**EXERCISE GOAL:** Going through the material below, output exactly the lines from the one containing "Lunch Supplier's Pledge (Template)" through the one containing "ornament depicting mountains in moonlight", and no pictures.

**RECORDS FOR THIS EXERCISE:**
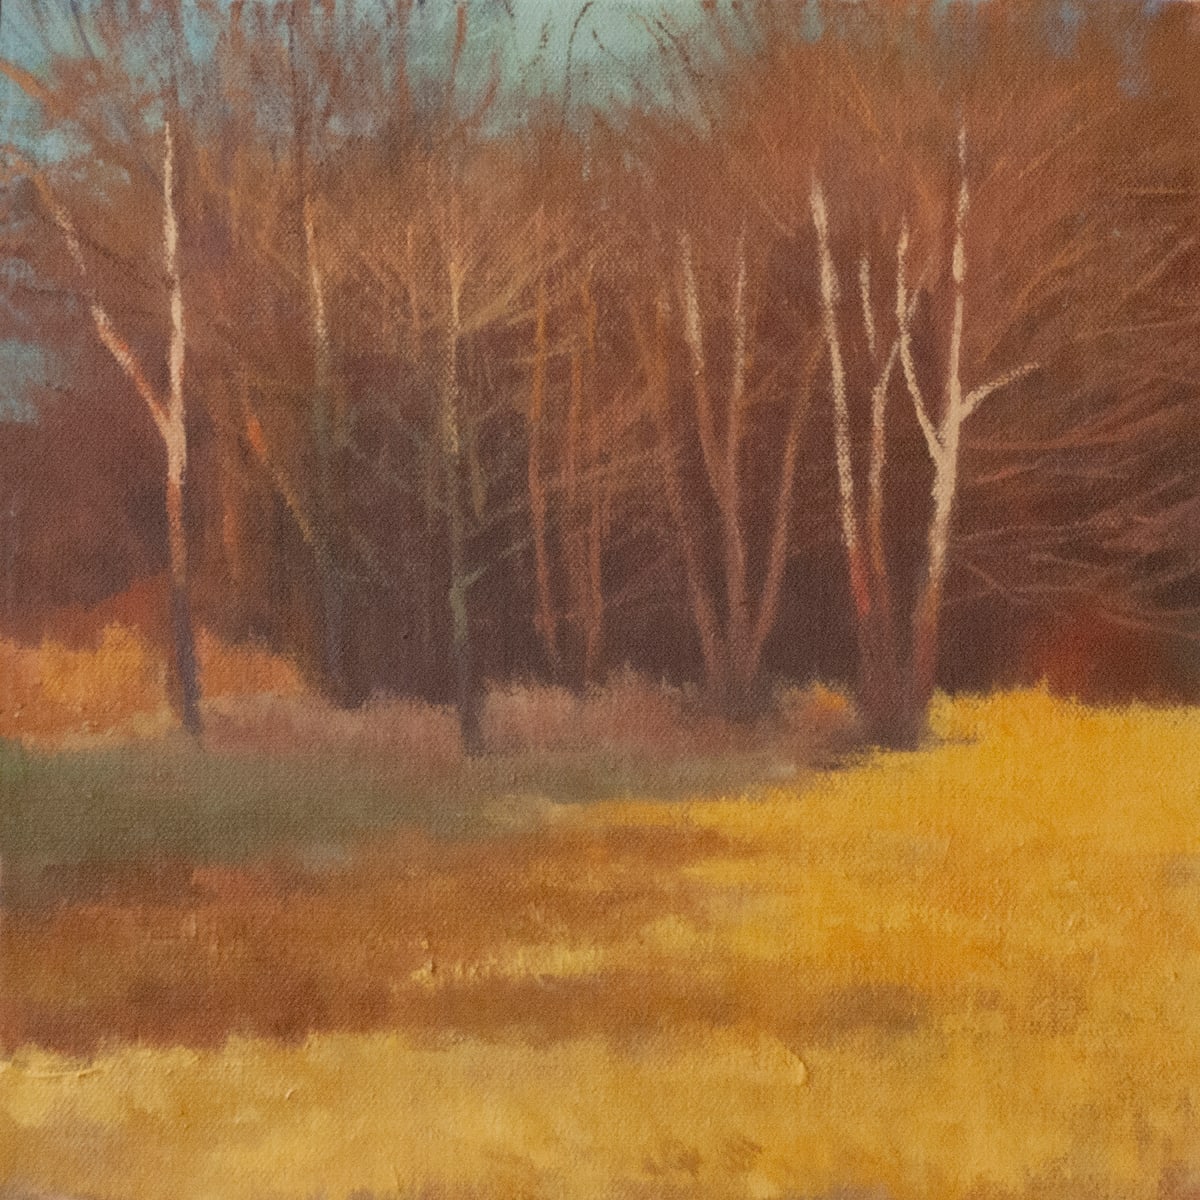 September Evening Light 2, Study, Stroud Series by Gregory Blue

==

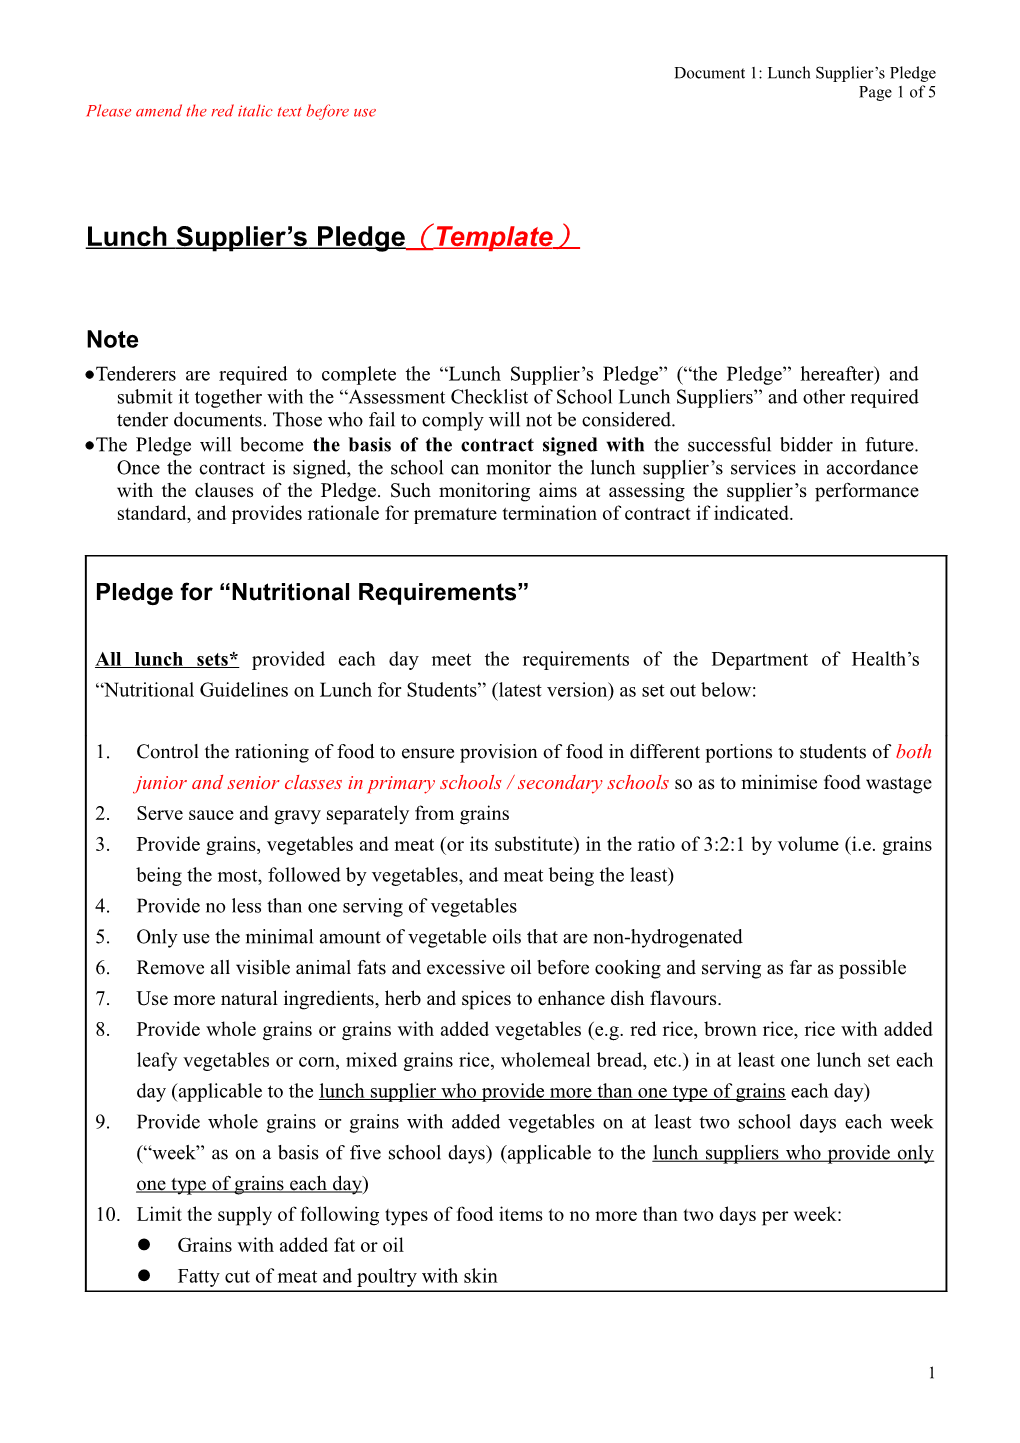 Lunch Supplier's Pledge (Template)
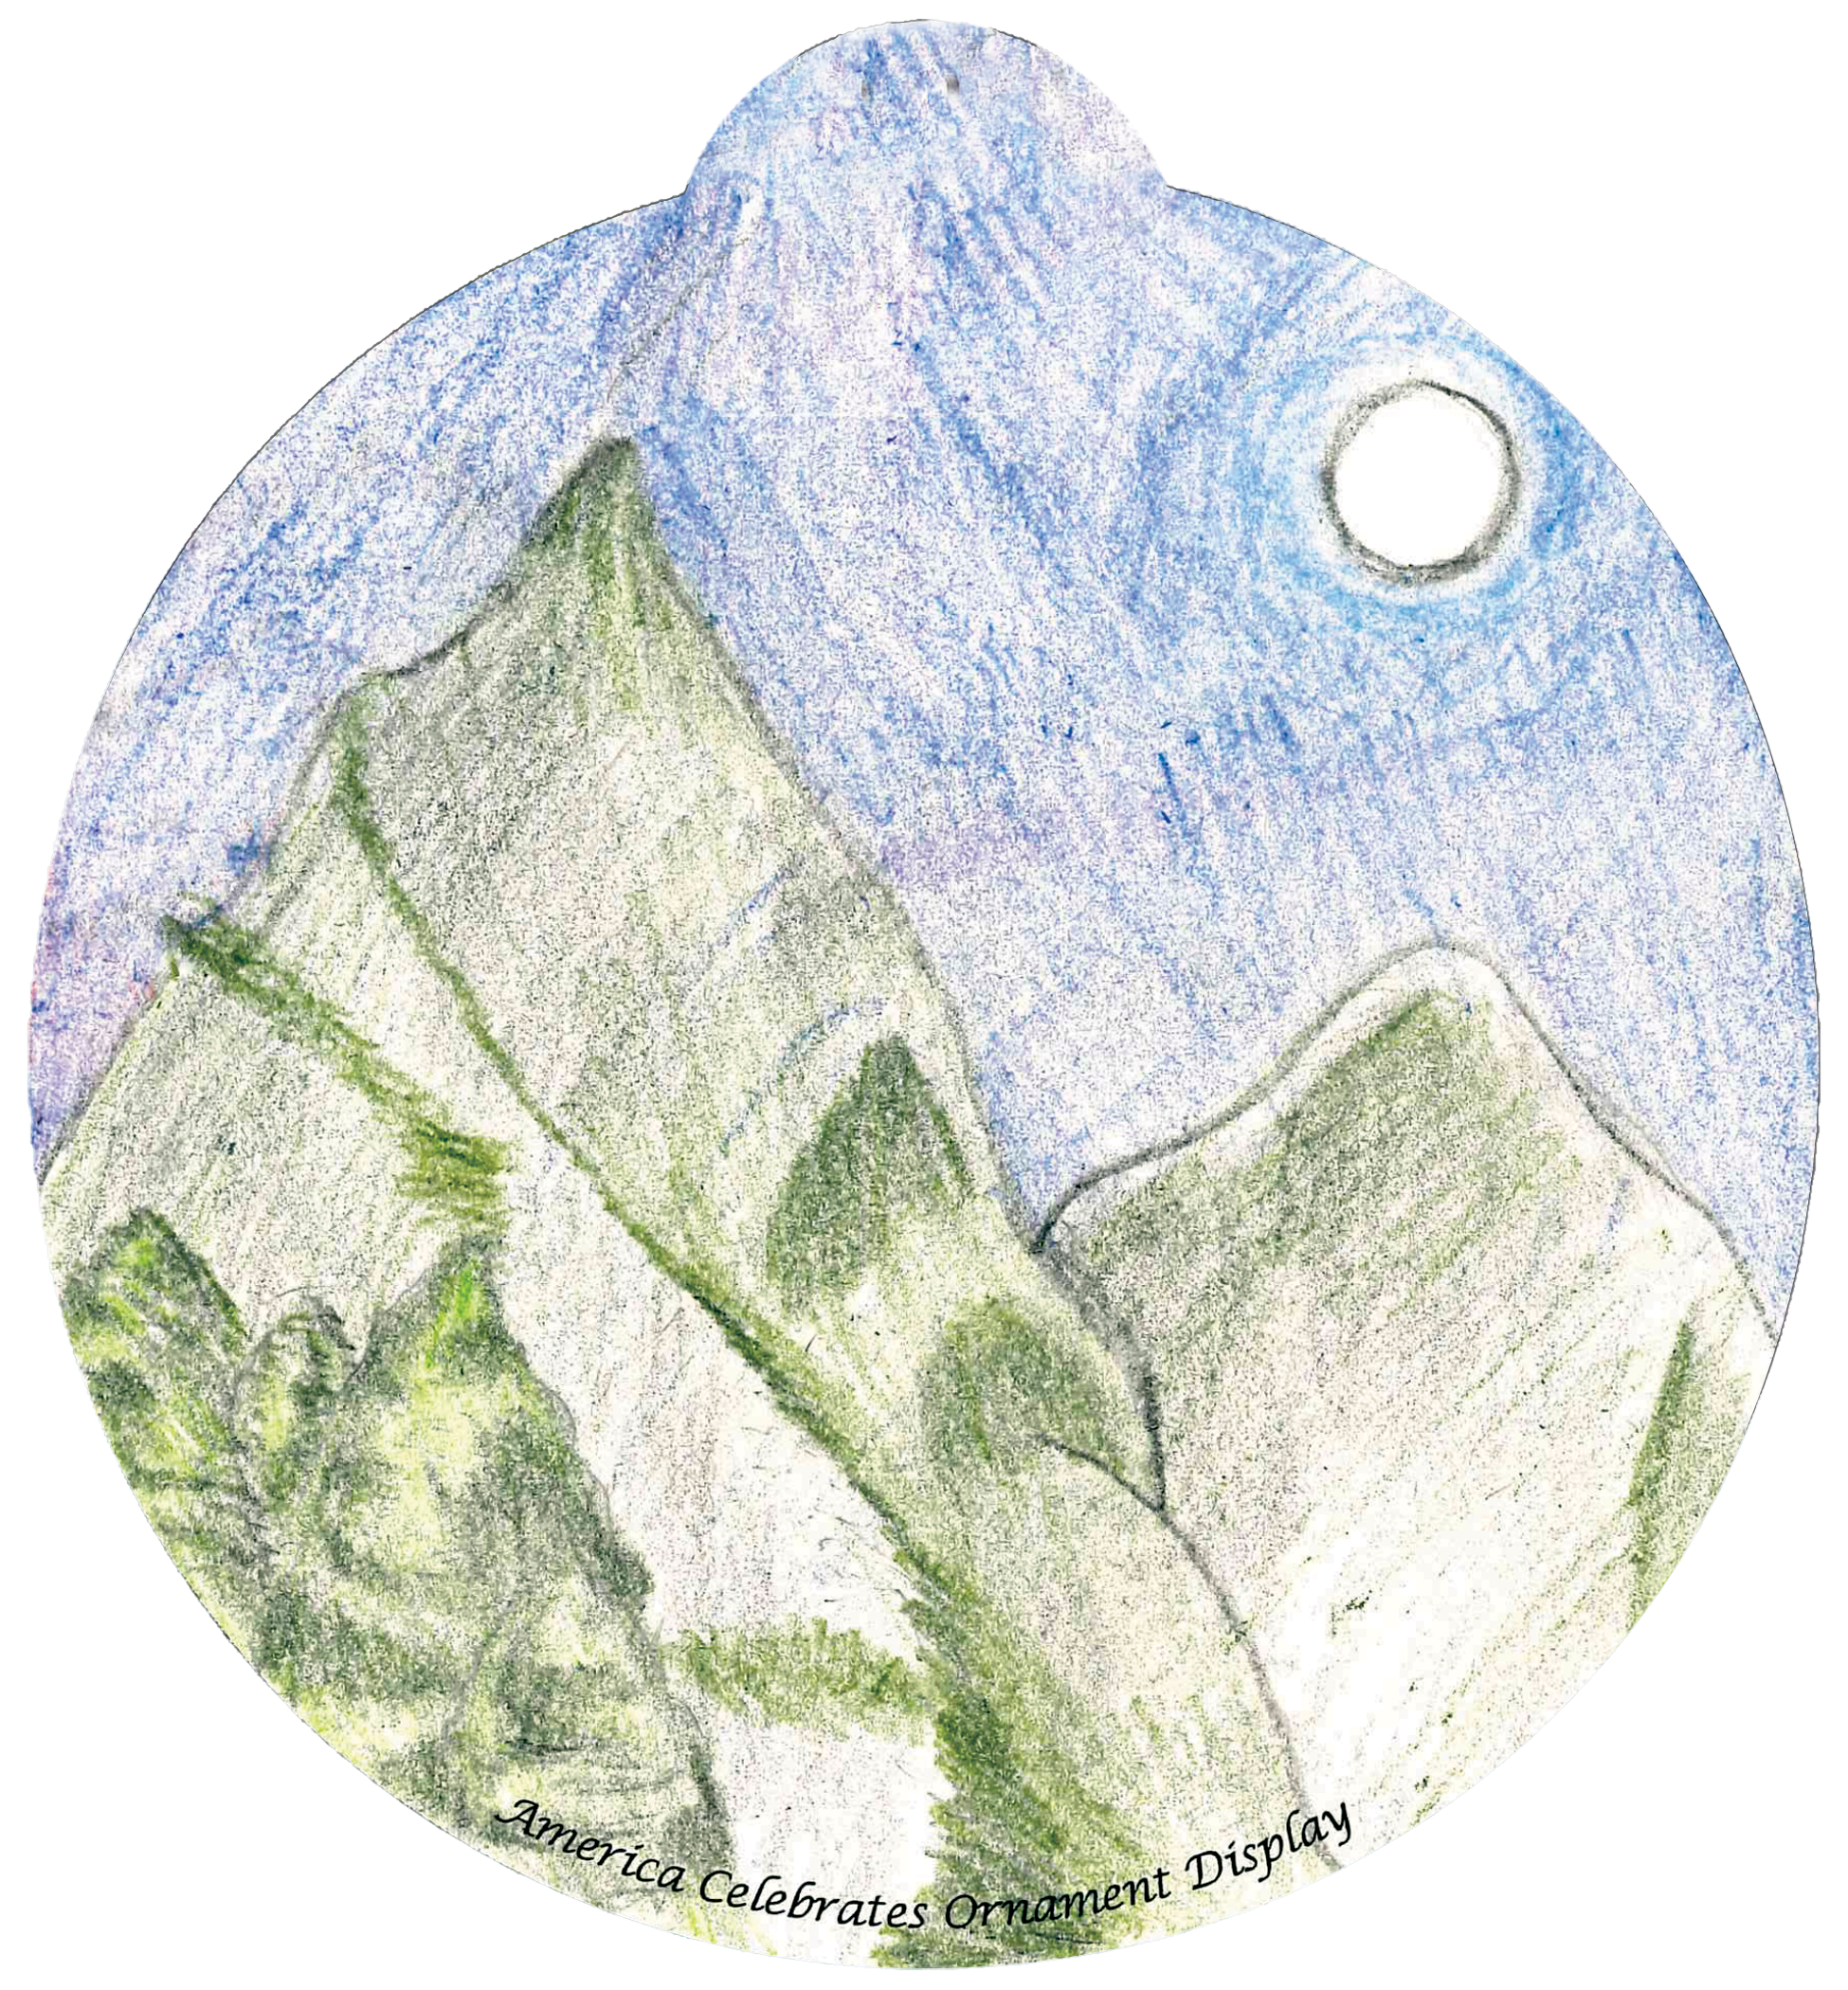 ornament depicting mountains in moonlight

==

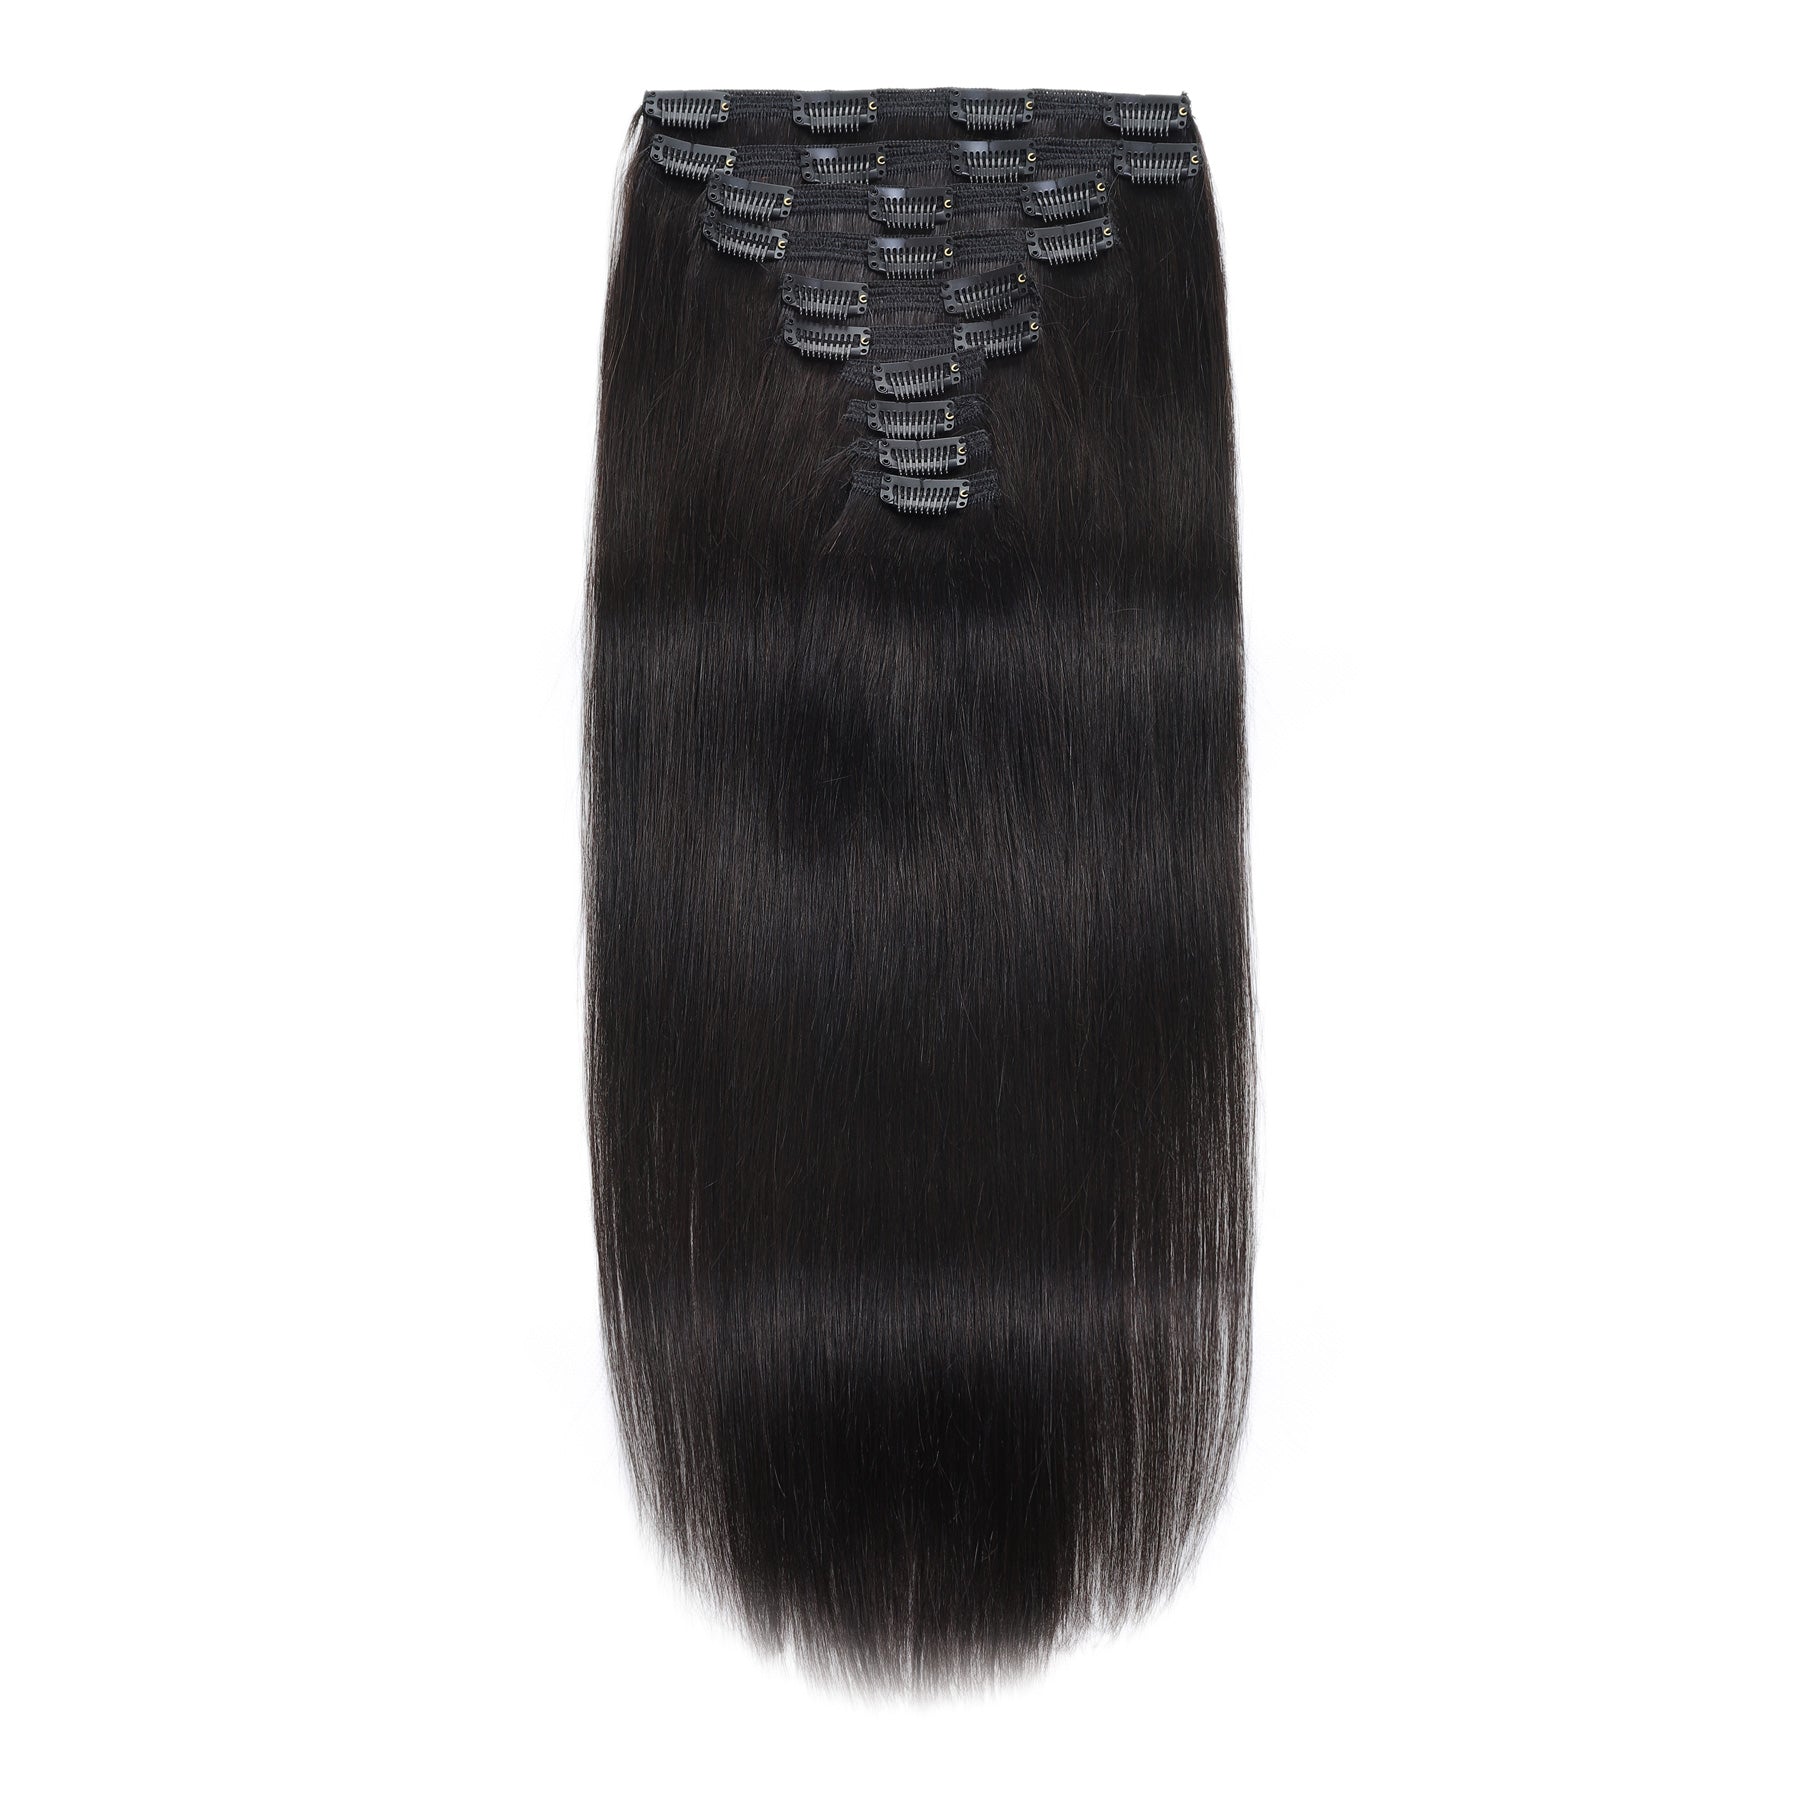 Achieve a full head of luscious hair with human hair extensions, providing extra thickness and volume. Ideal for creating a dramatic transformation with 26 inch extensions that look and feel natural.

**ANSWER SPACE:**
 Lunch Supplier's Pledge (Template)
 ornament depicting mountains in moonlight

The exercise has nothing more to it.